What to produce ▸ Search the data below, and report every line in which "Black" occurs.

Data shown ▸
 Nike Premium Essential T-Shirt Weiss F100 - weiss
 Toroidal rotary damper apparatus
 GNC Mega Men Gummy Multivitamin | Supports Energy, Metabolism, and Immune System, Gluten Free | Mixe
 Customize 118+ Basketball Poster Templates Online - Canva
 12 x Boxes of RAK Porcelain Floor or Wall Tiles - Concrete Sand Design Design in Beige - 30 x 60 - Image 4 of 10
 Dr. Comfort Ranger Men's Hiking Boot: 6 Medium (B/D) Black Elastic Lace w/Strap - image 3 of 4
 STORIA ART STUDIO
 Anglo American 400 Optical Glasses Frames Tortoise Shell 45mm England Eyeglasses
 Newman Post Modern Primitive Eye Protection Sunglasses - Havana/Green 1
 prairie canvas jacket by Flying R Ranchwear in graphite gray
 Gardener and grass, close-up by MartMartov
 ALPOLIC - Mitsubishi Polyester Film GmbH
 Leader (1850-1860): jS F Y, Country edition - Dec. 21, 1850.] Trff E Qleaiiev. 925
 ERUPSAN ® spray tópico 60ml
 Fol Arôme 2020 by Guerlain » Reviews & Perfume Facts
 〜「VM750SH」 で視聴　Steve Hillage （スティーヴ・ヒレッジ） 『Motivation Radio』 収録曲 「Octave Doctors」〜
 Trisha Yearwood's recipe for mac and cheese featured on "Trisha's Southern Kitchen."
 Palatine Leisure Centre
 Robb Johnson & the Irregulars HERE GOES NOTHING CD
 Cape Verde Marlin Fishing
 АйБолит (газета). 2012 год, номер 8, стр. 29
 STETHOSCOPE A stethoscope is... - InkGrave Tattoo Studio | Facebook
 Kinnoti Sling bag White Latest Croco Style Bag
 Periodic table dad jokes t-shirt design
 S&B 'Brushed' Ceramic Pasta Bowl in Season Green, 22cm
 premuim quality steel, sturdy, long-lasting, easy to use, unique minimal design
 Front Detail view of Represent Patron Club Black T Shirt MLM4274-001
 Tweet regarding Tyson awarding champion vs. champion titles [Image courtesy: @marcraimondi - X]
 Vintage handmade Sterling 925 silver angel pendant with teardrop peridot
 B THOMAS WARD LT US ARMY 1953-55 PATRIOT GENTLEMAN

Result ▸
 Dr. Comfort Ranger Men's Hiking Boot: 6 Medium (B/D) Black Elastic Lace w/Strap - image 3 of 4
 Front Detail view of Represent Patron Club Black T Shirt MLM4274-001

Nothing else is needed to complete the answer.